ISSN 2371-350X

Child marriage soars in Yemen as famine looms

Khaled Abdullah/Reuters

 

By

Emma Batha

Child marriage has soared in Yemen as families struggle to feed their children amid a conflict that has left the country on the brink of famine, the U.N. children’s agency stated.

More than two thirds of girls in Yemen are married off before they reach 18, compared to half of girls before the conflict escalated, UNICEF said in a report to mark the second anniversary of the war.

It said parents struggling with deepening poverty were increasingly marrying off their daughters to reduce costs and the number of mouths to feed or because they believed a husband’s family could offer better protection.

Around 80 percent of families in Yemen are in debt or are borrowing money to feed their children, the agency said.

Dowry payments – paid by the husband’s family in Yemen – are an additional incentive for poor parents to marry daughters off early, it added.

There is no minimum age of marriage in Yemen where campaigners say girls are sometimes wed at eight or nine. Some die from rape injuries or childbirth complications after becoming pregnant before their bodies are fully developed.

Yemen’s hunger crisis follows two years of civil war pitting the Iran-allied Houthi group against a Saudi-backed coalition, which has caused economic collapse and severely restricted food and fuel imports.

More than 10,000 people have been killed in the conflict and around 3 million people have fled their homes, although some are now returning.

Early marriage is especially common in Al Hudaydah, Hajjah and Ibb governorates that host large numbers of uprooted people, UNICEF said.

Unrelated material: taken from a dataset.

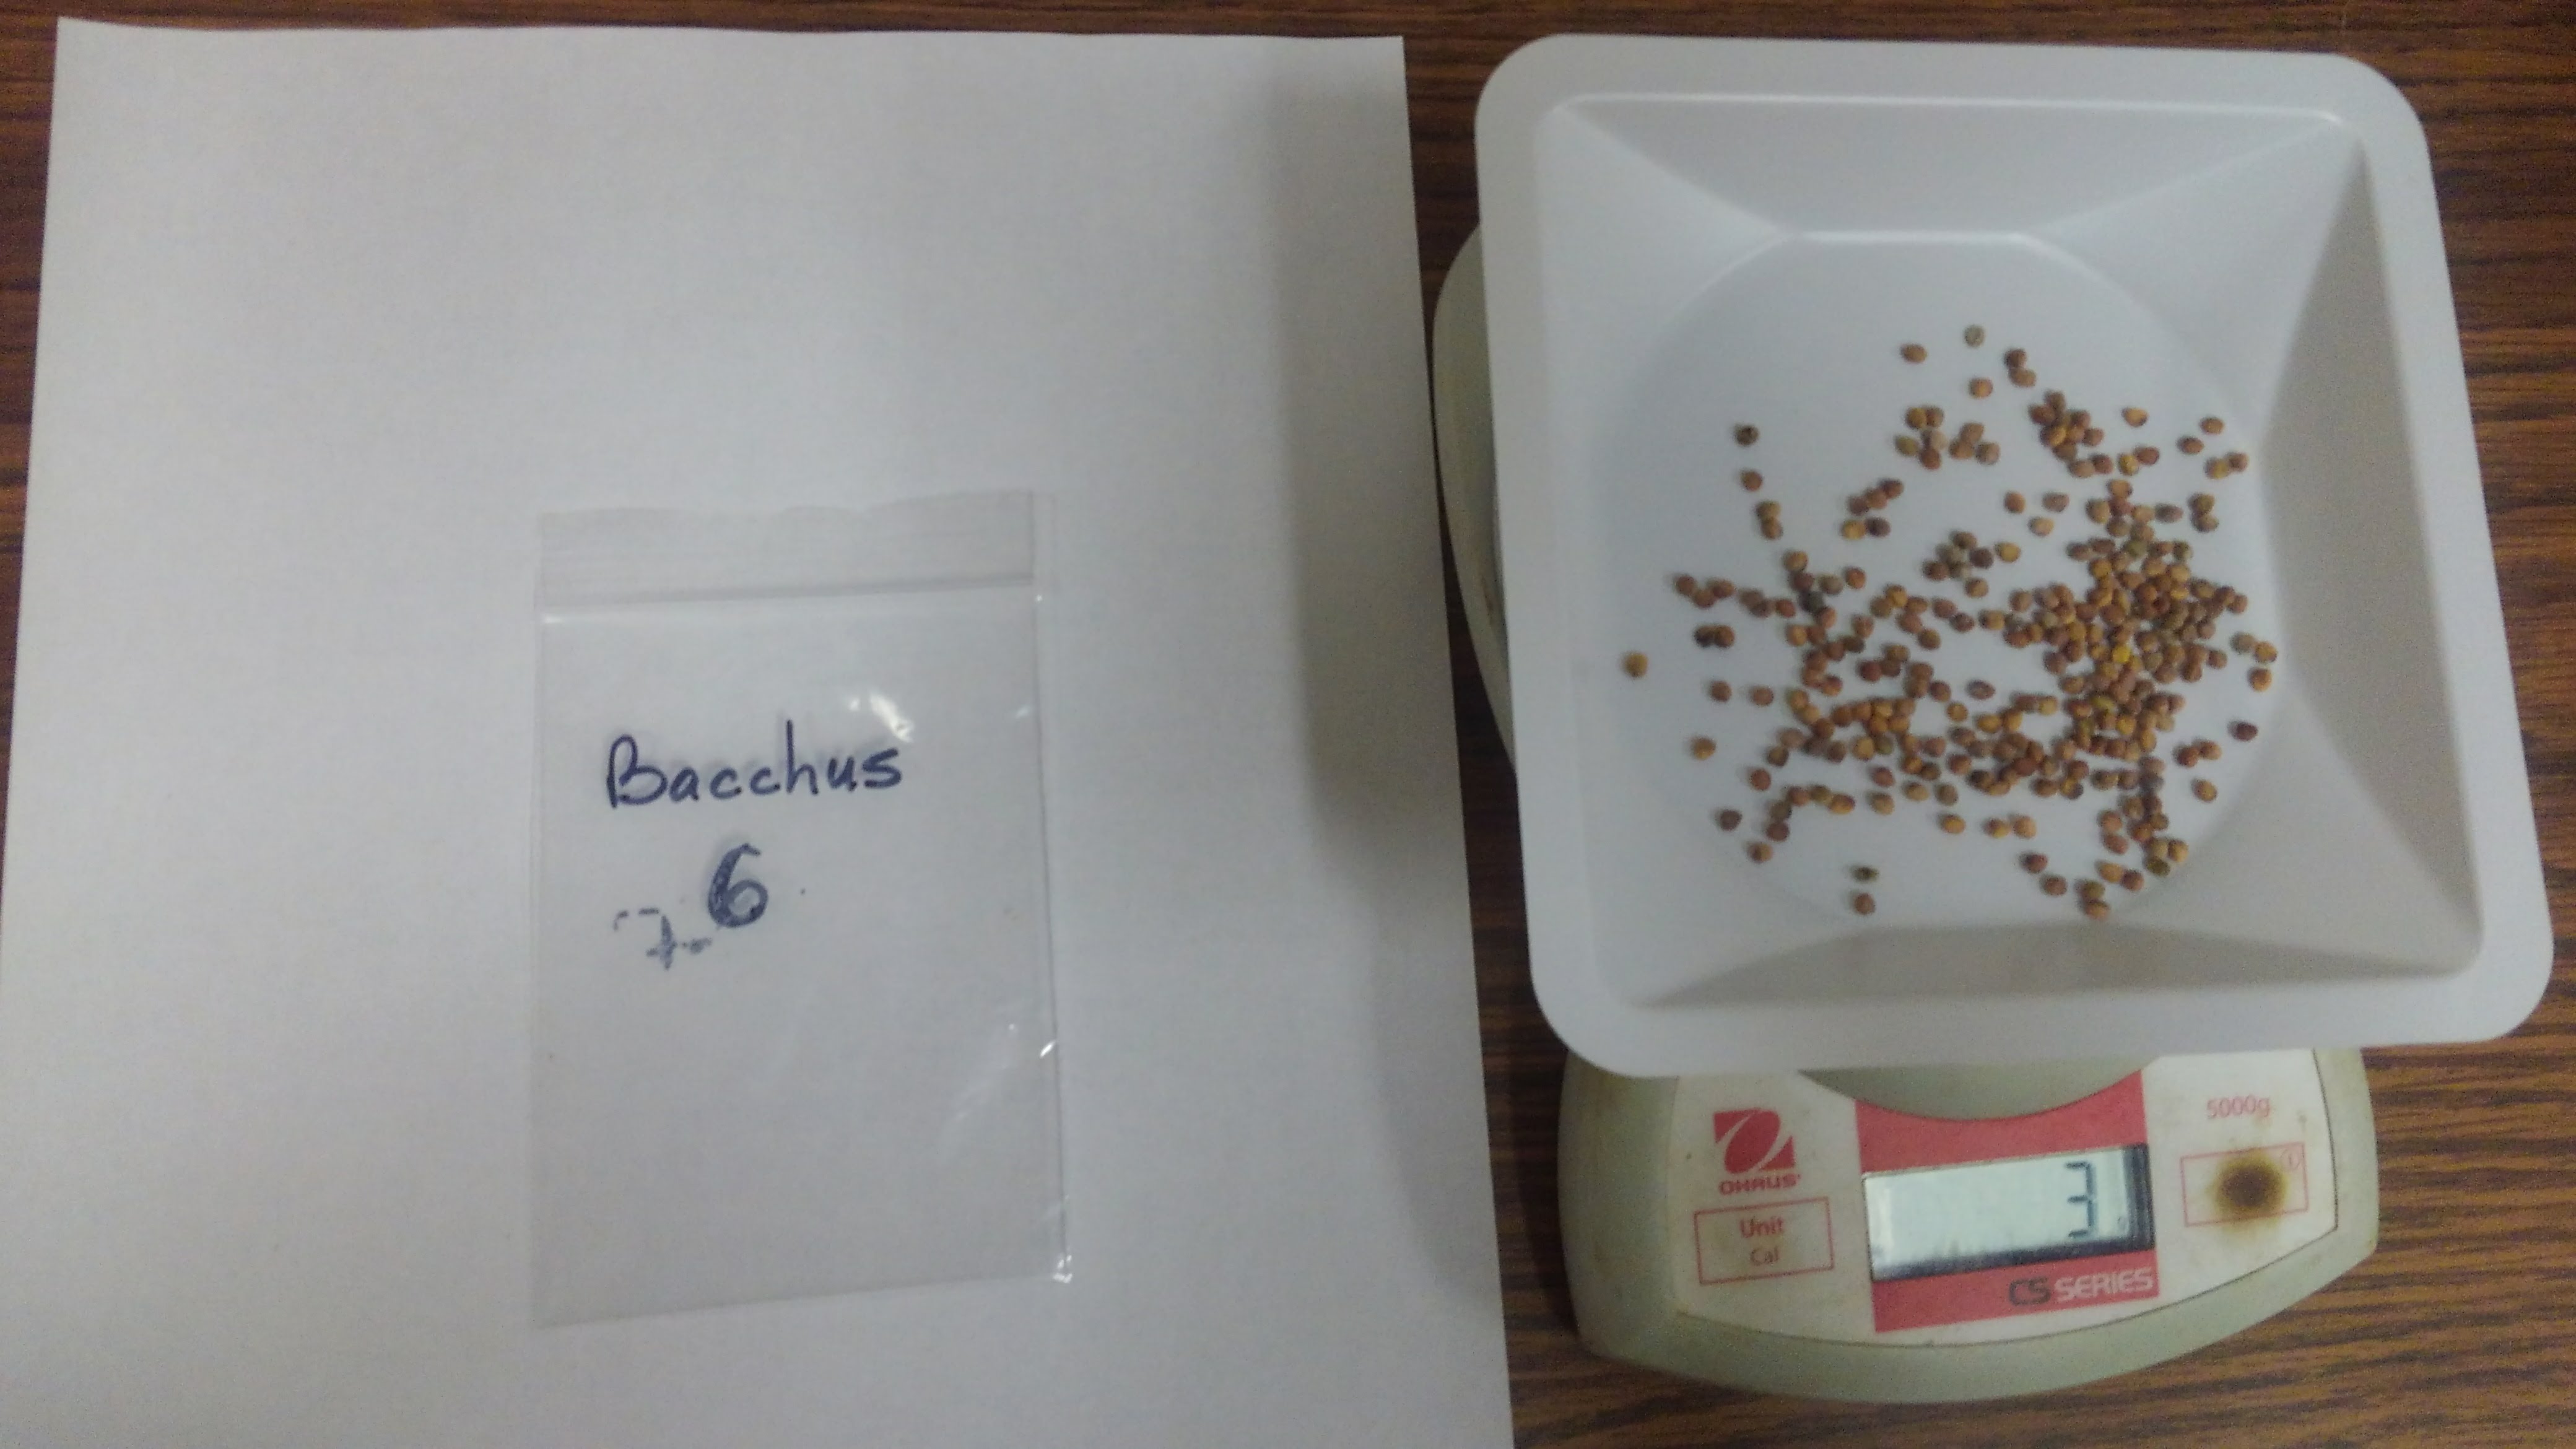 Weighing out seeds for the test plots image

“One of the first casualties when families are displaced and lose their incomes is girls,” UNICEF’s spokesman in Yemen, Rajat Madhok, told the Thomson Reuters Foundation.

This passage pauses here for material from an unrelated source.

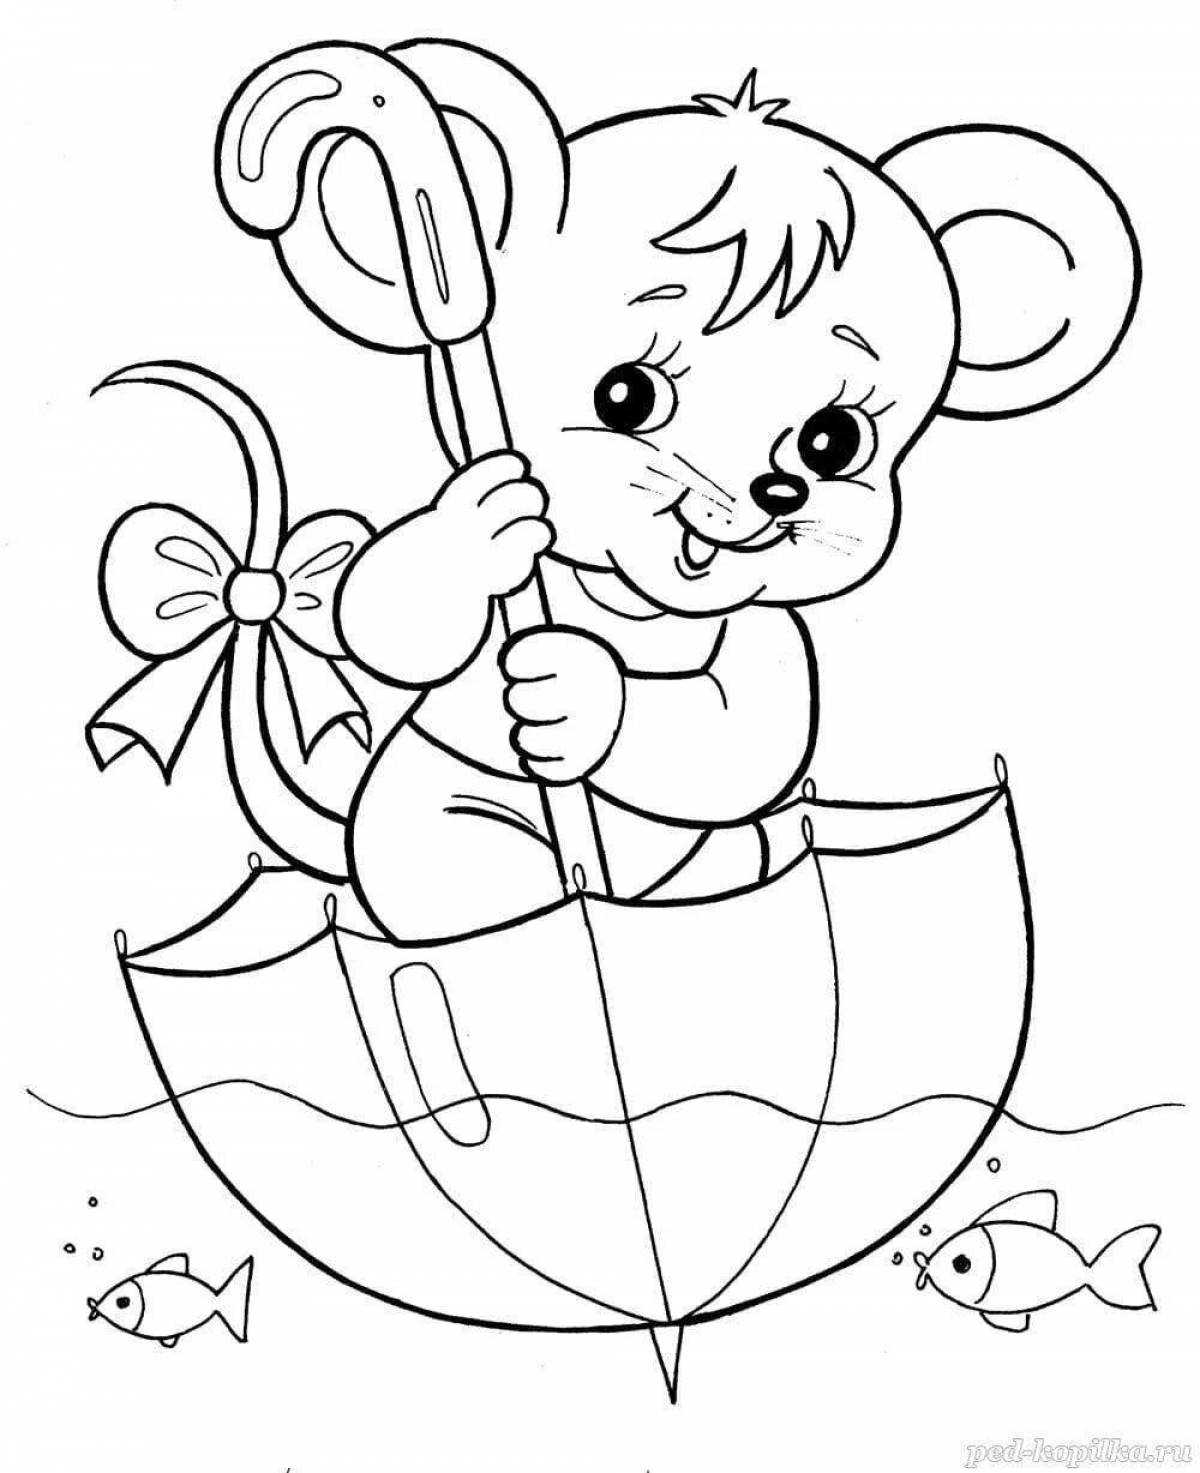 Coloring pages for 1 year old girls

Initial results from a new UNICEF study on child marriage suggest around 44 percent of girls and women are married under the age of 15 in some parts of Yemen.

Bilkis, 16, told researchers how life had become unbearable after she was married at 13.

“I was a child who was not mentally and physically able to be a wife,” the report quoted her as saying. “I was warned not to do anything that children do. Through the window, I could watch other children play.”

Child marriage not only endangers girls’ lives but deprives them of education and opportunities, and increases the risk of domestic and sexual violence, campaigners say.